Widow wins pension claim against Zesa


A WIDOW condemned to abject poverty by power utility Zesa Holdings’ refusal to pay her husband’s pension since 2006 has won relief following the intervention of human rights lawyers.

By The Legal Monitor

Ruth Mahungo was struggling to put food on the table and send her child to school as she battled to receive her husband’s pension from Zesa, which the State-run electricity firm vehemently claimed it had already paid out.

But Zesa has now restored Mahungo’s full benefits after Zimbabwe Lawyers for Human Rights (ZLHR) started assisting the widow.

ZLHR took up the case as part of its mandate of ensuring that powerful institutions do not trample on the rights of the poor and weak with impunity.

Bank records show that Zesa has started paying out its monthly dues to Mahungo and has even written to her informing her about the anticipated pay dates for 2015.
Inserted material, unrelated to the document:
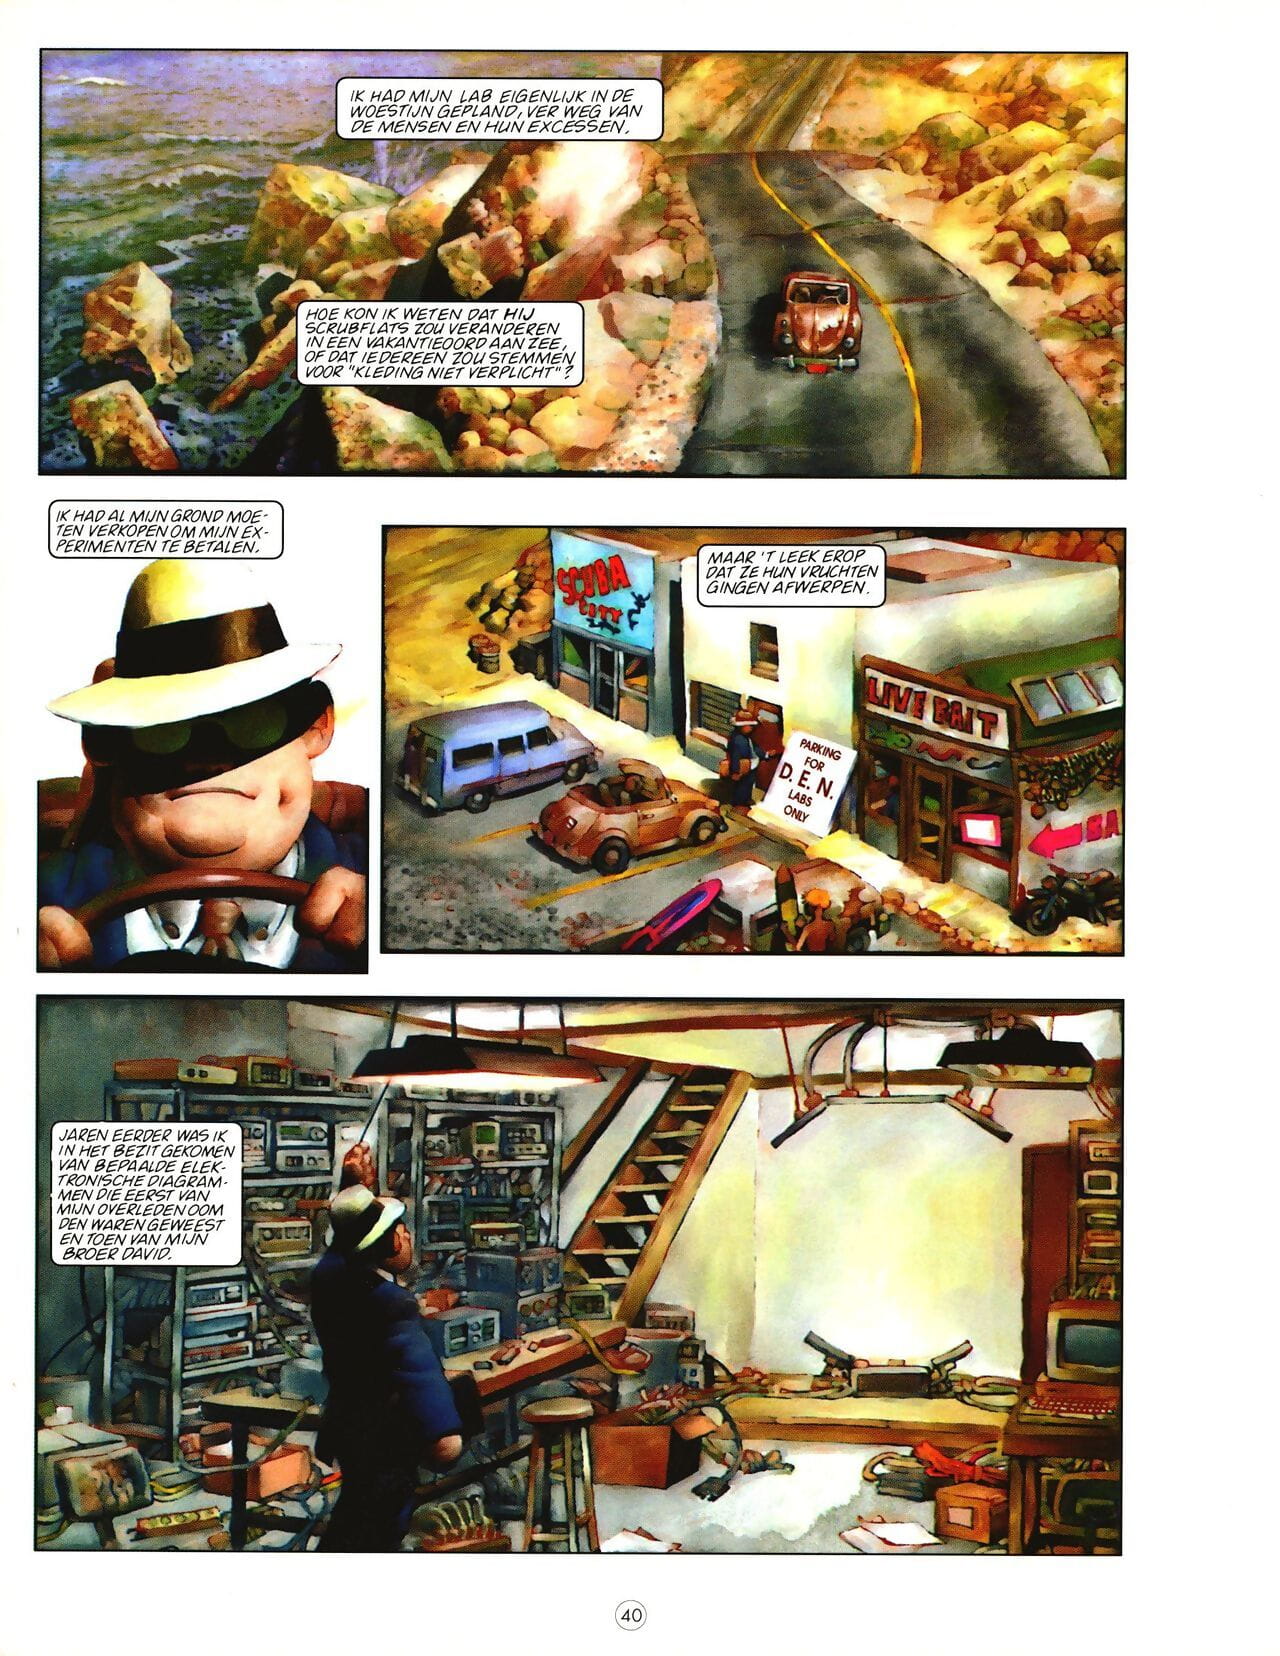 เพนท์เฮาส์ comix นิตยสาร 01 ส่วนหนึ่ง 2 page 1

“Please ensure that you complete the Life Certificate to avoid suspension of your pension and other benefits such as medical aid and electricity allowance,” the firm wrote to Mahungo recently.

Mahungo’s son, who was in Grade Seven last year, was thrown out of school due to non-payment of fees while putting food on the table had become a daily struggle for the Kadoma-based widow after her husband’s death in 2006.

She did not receive a cent from Zesa as the power utility insisted it had already paid her the full amount.

Despite several letters from Kenney Masiye of ZLHR demanding payment of Mahungo’s money, Zesa remained adamant that it owed the widow nothing.

Mahungo and her family used to benefit from the Zesa staff pension fund until July 16 2006 when her husband died.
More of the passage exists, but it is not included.